[Task description]: Please restate the following records word for word.
——————
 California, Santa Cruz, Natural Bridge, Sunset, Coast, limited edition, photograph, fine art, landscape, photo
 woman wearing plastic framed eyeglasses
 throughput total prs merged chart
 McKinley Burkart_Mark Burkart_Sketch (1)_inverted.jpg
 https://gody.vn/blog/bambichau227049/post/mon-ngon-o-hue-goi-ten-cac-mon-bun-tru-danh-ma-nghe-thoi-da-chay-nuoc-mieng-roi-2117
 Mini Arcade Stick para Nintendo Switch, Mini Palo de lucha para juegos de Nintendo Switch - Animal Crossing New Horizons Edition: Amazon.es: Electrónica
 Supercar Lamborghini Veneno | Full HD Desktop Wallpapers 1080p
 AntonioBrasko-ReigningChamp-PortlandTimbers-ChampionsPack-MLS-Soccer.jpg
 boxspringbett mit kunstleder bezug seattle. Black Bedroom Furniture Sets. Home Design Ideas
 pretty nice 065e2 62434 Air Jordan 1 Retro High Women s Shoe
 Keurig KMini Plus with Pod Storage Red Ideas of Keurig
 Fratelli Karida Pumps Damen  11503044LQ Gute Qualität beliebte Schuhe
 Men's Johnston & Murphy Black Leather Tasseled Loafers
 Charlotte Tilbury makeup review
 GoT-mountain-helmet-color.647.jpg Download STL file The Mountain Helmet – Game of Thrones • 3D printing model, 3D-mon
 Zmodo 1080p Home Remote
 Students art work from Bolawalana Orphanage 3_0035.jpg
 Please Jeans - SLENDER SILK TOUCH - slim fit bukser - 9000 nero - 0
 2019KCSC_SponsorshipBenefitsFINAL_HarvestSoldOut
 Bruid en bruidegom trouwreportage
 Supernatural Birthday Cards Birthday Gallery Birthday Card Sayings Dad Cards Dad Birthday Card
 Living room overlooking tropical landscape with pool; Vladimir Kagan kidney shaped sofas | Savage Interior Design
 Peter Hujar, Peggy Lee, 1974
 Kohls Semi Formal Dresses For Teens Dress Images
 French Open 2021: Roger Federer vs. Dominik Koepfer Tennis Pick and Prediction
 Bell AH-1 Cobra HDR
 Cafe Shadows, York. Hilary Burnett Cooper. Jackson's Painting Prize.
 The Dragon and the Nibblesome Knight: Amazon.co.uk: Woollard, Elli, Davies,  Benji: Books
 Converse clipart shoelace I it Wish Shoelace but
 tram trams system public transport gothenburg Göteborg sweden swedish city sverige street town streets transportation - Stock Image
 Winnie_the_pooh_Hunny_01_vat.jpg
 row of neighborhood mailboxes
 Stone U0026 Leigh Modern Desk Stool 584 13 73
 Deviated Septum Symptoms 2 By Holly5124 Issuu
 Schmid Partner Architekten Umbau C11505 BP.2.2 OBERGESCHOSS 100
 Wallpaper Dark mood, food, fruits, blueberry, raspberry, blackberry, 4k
——————
[Task result]:
 California, Santa Cruz, Natural Bridge, Sunset, Coast, limited edition, photograph, fine art, landscape, photo
 woman wearing plastic framed eyeglasses
 throughput total prs merged chart
 McKinley Burkart_Mark Burkart_Sketch (1)_inverted.jpg
 https://gody.vn/blog/bambichau227049/post/mon-ngon-o-hue-goi-ten-cac-mon-bun-tru-danh-ma-nghe-thoi-da-chay-nuoc-mieng-roi-2117
 Mini Arcade Stick para Nintendo Switch, Mini Palo de lucha para juegos de Nintendo Switch - Animal Crossing New Horizons Edition: Amazon.es: Electrónica
 Supercar Lamborghini Veneno | Full HD Desktop Wallpapers 1080p
 AntonioBrasko-ReigningChamp-PortlandTimbers-ChampionsPack-MLS-Soccer.jpg
 boxspringbett mit kunstleder bezug seattle. Black Bedroom Furniture Sets. Home Design Ideas
 pretty nice 065e2 62434 Air Jordan 1 Retro High Women s Shoe
 Keurig KMini Plus with Pod Storage Red Ideas of Keurig
 Fratelli Karida Pumps Damen  11503044LQ Gute Qualität beliebte Schuhe
 Men's Johnston & Murphy Black Leather Tasseled Loafers
 Charlotte Tilbury makeup review
 GoT-mountain-helmet-color.647.jpg Download STL file The Mountain Helmet – Game of Thrones • 3D printing model, 3D-mon
 Zmodo 1080p Home Remote
 Students art work from Bolawalana Orphanage 3_0035.jpg
 Please Jeans - SLENDER SILK TOUCH - slim fit bukser - 9000 nero - 0
 2019KCSC_SponsorshipBenefitsFINAL_HarvestSoldOut
 Bruid en bruidegom trouwreportage
 Supernatural Birthday Cards Birthday Gallery Birthday Card Sayings Dad Cards Dad Birthday Card
 Living room overlooking tropical landscape with pool; Vladimir Kagan kidney shaped sofas | Savage Interior Design
 Peter Hujar, Peggy Lee, 1974
 Kohls Semi Formal Dresses For Teens Dress Images
 French Open 2021: Roger Federer vs. Dominik Koepfer Tennis Pick and Prediction
 Bell AH-1 Cobra HDR
 Cafe Shadows, York. Hilary Burnett Cooper. Jackson's Painting Prize.
 The Dragon and the Nibblesome Knight: Amazon.co.uk: Woollard, Elli, Davies,  Benji: Books
 Converse clipart shoelace I it Wish Shoelace but
 tram trams system public transport gothenburg Göteborg sweden swedish city sverige street town streets transportation - Stock Image
 Winnie_the_pooh_Hunny_01_vat.jpg
 row of neighborhood mailboxes
 Stone U0026 Leigh Modern Desk Stool 584 13 73
 Deviated Septum Symptoms 2 By Holly5124 Issuu
 Schmid Partner Architekten Umbau C11505 BP.2.2 OBERGESCHOSS 100
 Wallpaper Dark mood, food, fruits, blueberry, raspberry, blackberry, 4k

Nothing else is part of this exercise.